Top of AVAILABLE DATA

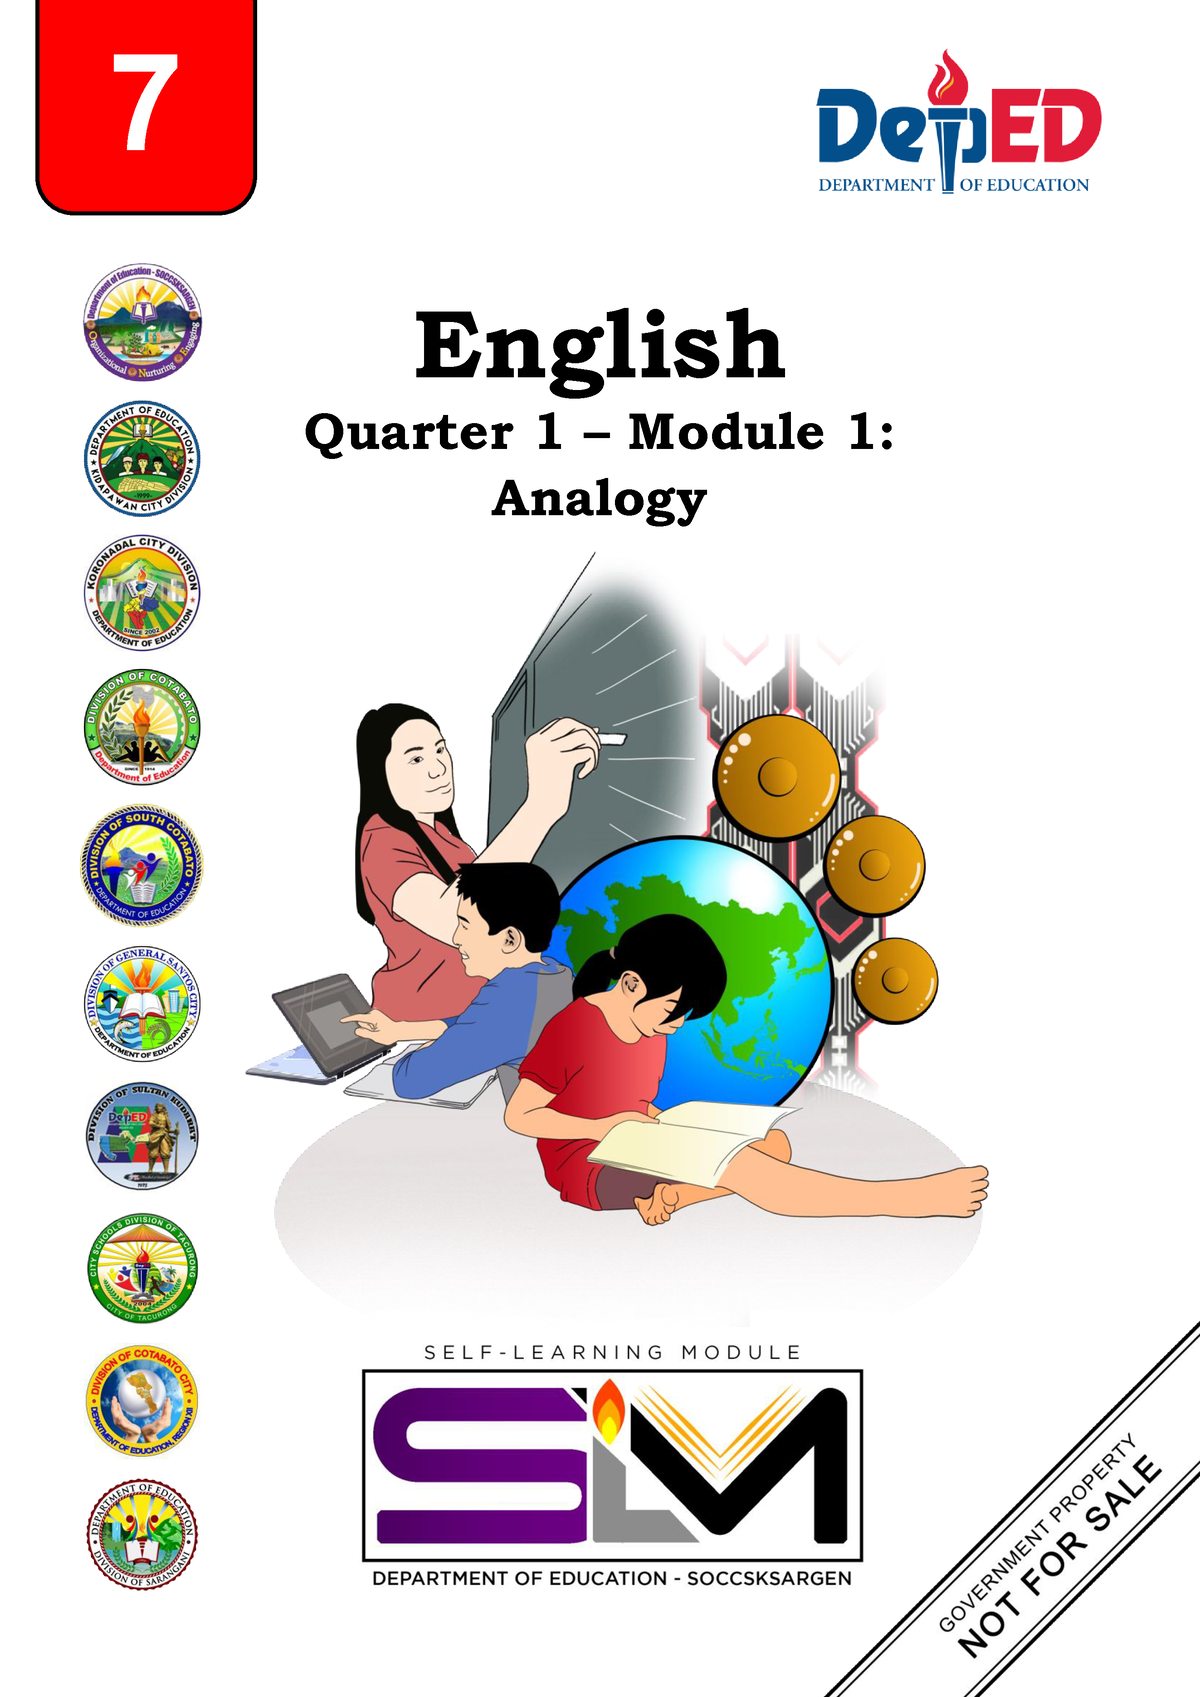 G7 English Quarter 1 Module 1 English Quarter 1 Module 1 Analogy 7 Subject Area Grade 0279
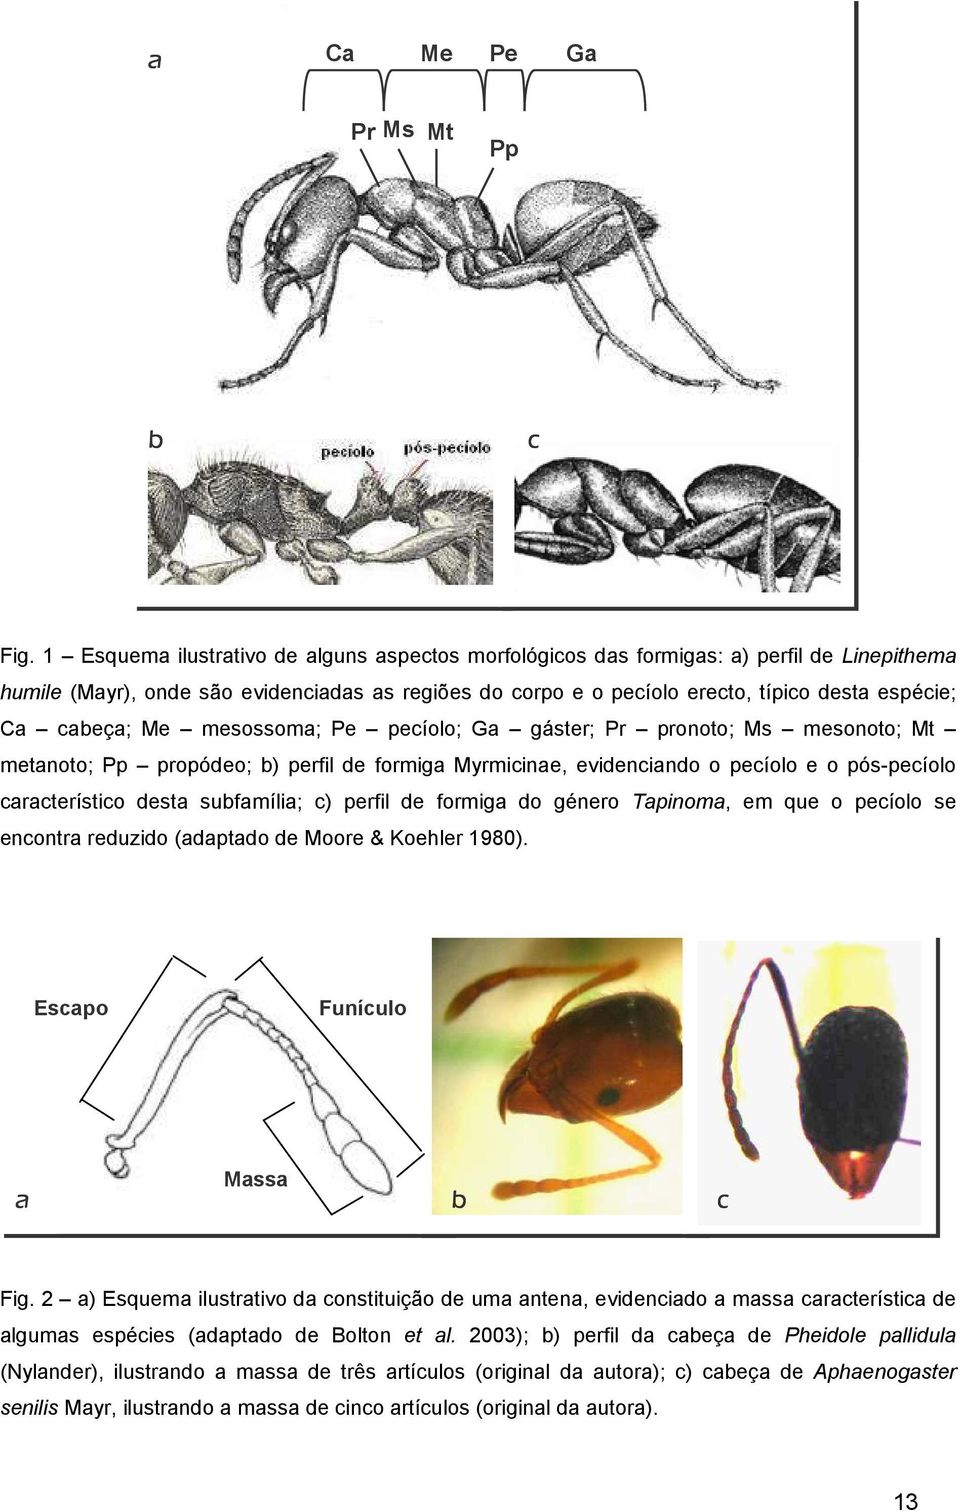 cabeça; Me mesossoma; Pe pecíolo; Ga gáster; Pr pronoto; Ms mesonoto; Mt metanoto; Pp propódeo; b) perfil de formiga Myrmicinae, evidenciando o pecíolo e o pós-pecíolo característico desta
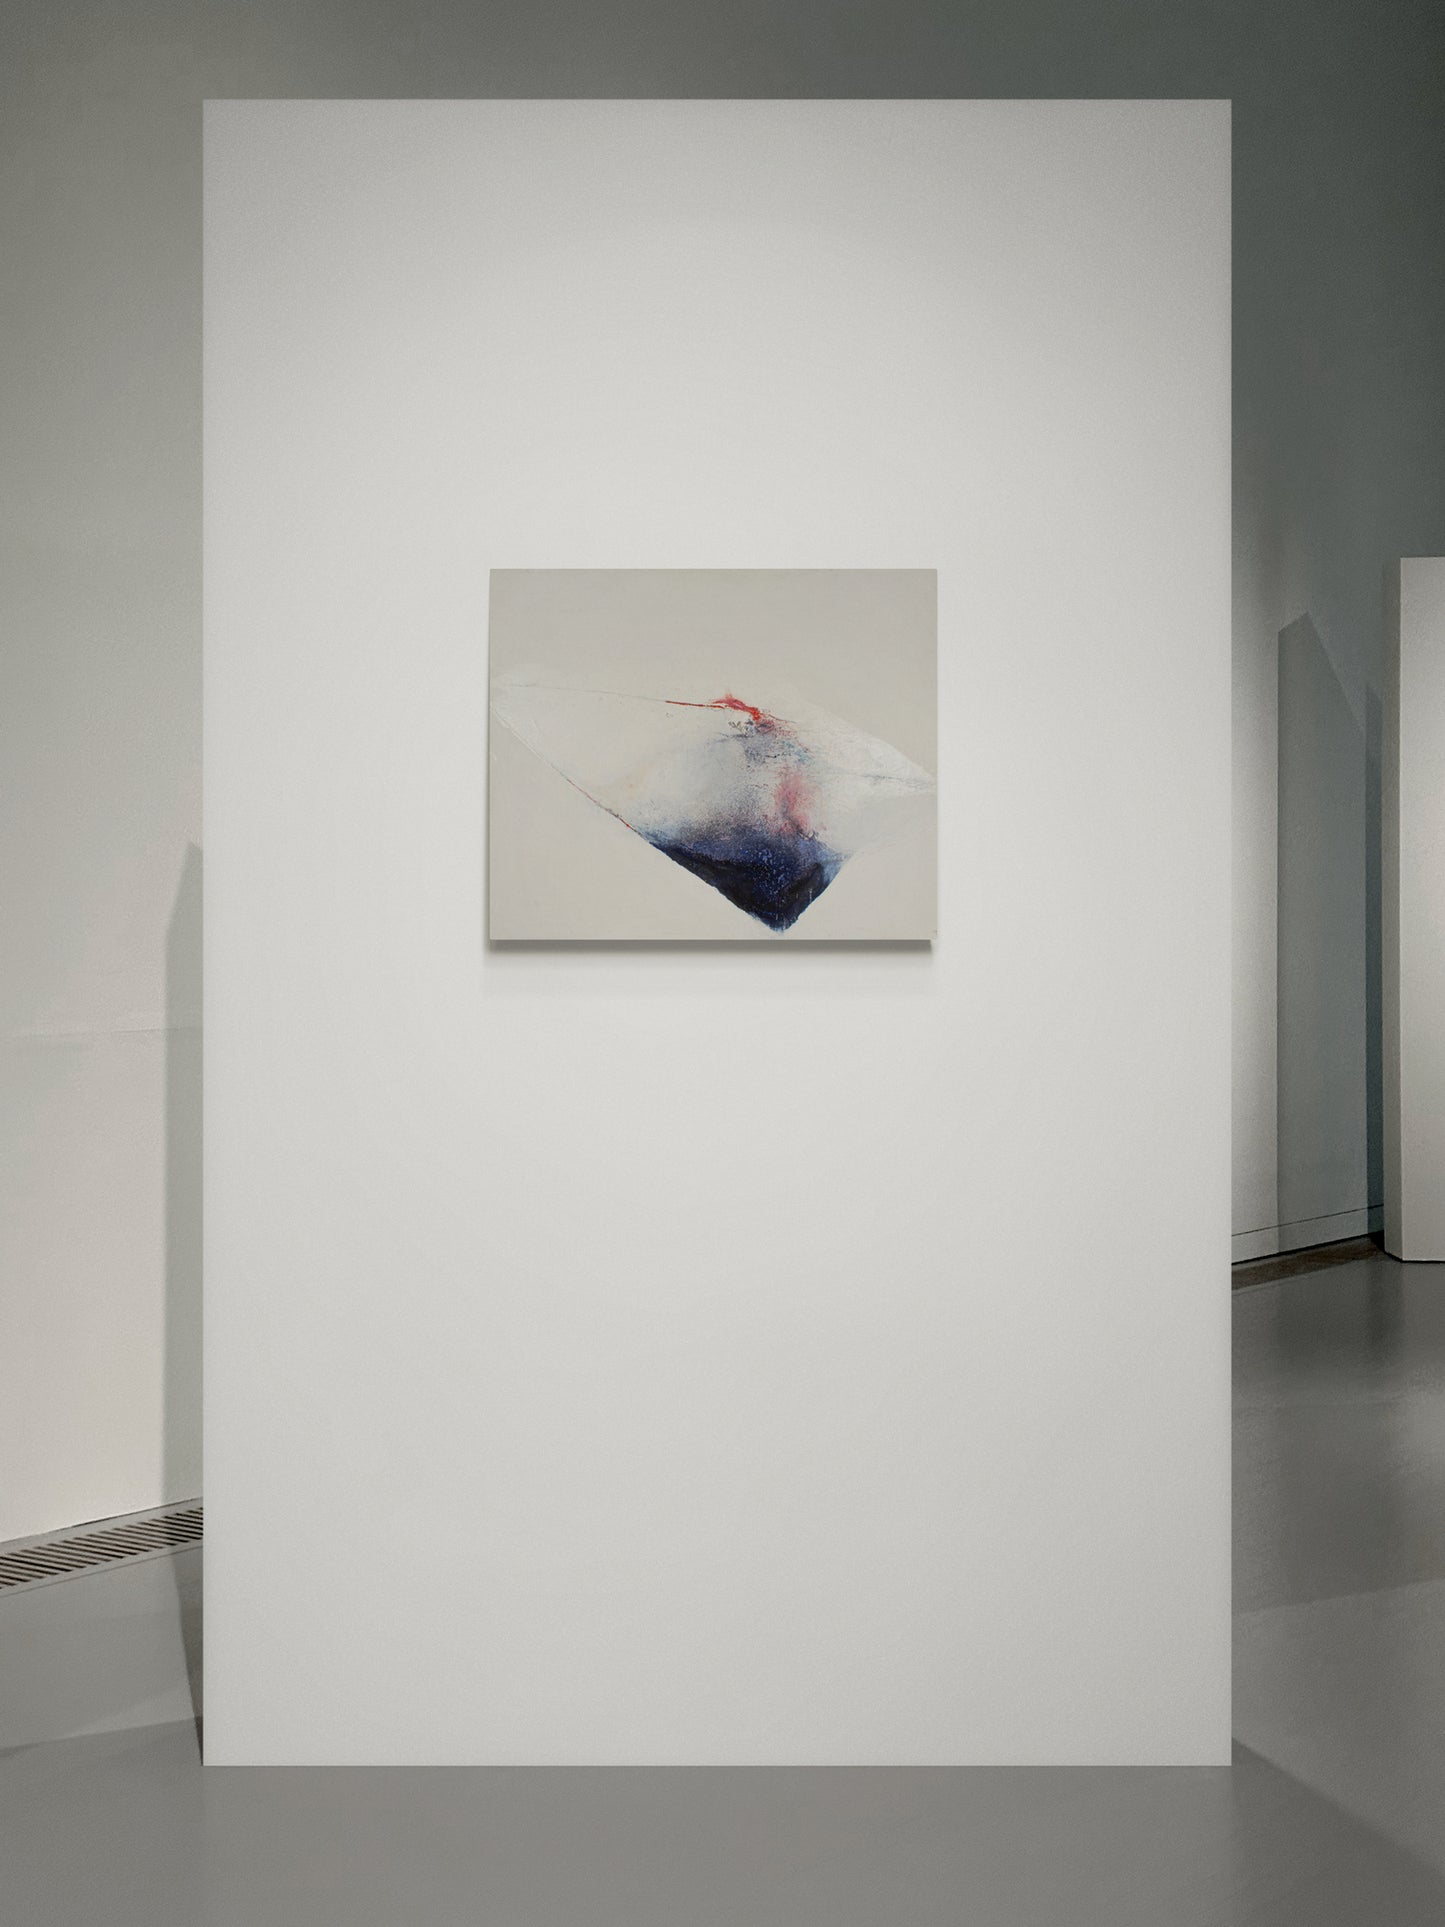 Renato Bertini - “Interference” (60 x 70 cm)

Bottom of AVAILABLE DATA

- **PROBLEM REQUIREMENTS**:
Omit every picture, then reproduce the rest of the listing exactly.

- **ANSWER AREA**:
 G7 English Quarter 1 Module 1 English Quarter 1 Module 1 Analogy 7 Subject Area Grade 0279
 cabeça; Me mesossoma; Pe pecíolo; Ga gáster; Pr pronoto; Ms mesonoto; Mt metanoto; Pp propódeo; b) perfil de formiga Myrmicinae, evidenciando o pecíolo e o pós-pecíolo característico desta
 Renato Bertini - “Interference” (60 x 70 cm)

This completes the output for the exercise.